Find out why you may need to rethink your financial planning approach and what you should do about the “Missing Middle.”
- According to popular opinion, sound financial planning advice typically consists of two main steps: saving for emergencies and saving for retirement.
- Brian found this to be slightly misleading because of the phenomenon he refers to as “The Missing Middle.”
- Think about how life generally goes: there are car payments, furniture, credit cards, tuition… you also have money going into an account that you can’t touch until you’re 60 and then, before you know it, you have thousands of dollars of debt. And that’s by following general advice.
- However, opting for a less traditional and more customized approach allows you to pay for the expenses you incur between now and retirement – the middle of your life, without entirely losing the ability to build wealth.

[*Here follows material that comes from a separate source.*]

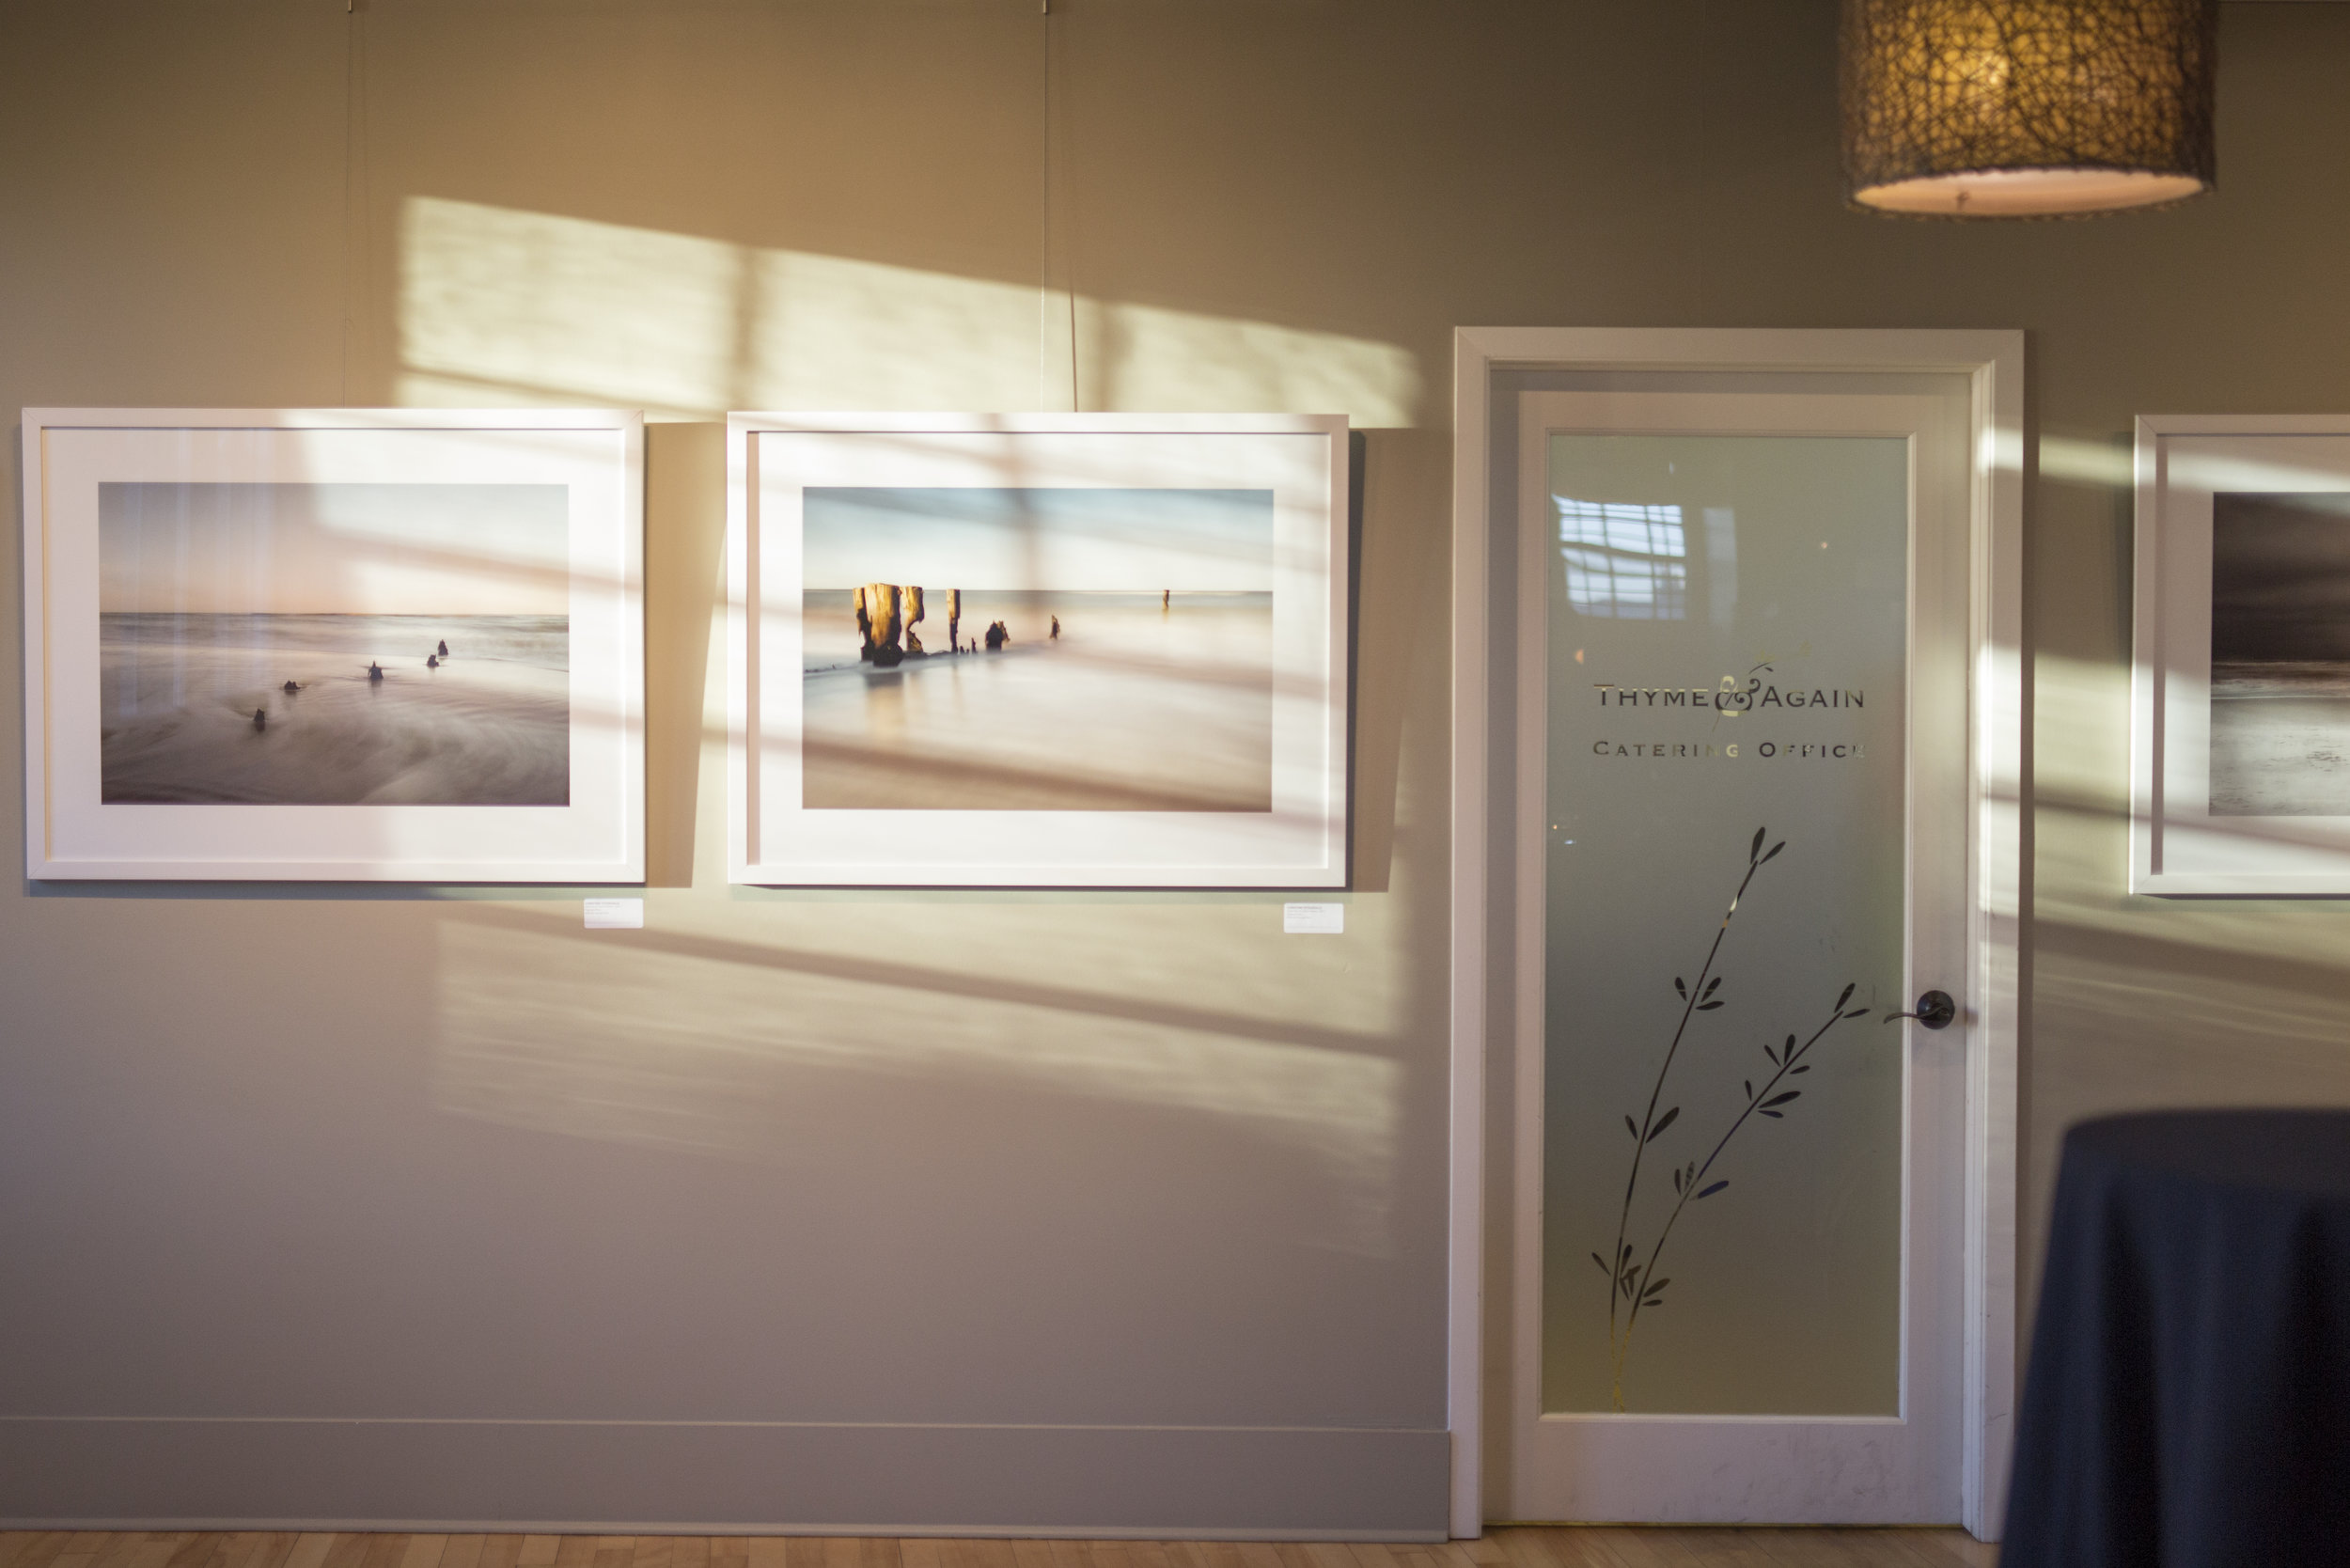 Erosion Exhibition, Exposure Gallery, 2015

- Brian believes that the real benchmark you’re going to use should be based on your personal needs, goals, and financial situation.
- When there are big expenses people don’t account for in their regular cash flow, one of two things happens.
- People either continually deplete savings in order to pay for the things in cash (constantly funneling money back into their bank account to replenish the emergency fund).
- Alternatively, they finance everything with bank loans and credit cards. Neither option leads to wealth being created.
- Brian is convinced that you should model your entire financial life around your actual life, instead of around arbitrary concepts or ideas that don’t fit into the puzzle of what you’re actually trying to create (Brian calls this Your Life Cycle Model).
- In the Life Cycle Model individuals allocate resources over their lifetime with the aim of avoiding sharp changes in their standard of living, while avoiding debt and simultaneously building wealth.
- Brian explains how using the so-called build banking instead of a traditional bank can help you leverage the Life Cycle Model (and why you shouldn’t compare it to the stock market).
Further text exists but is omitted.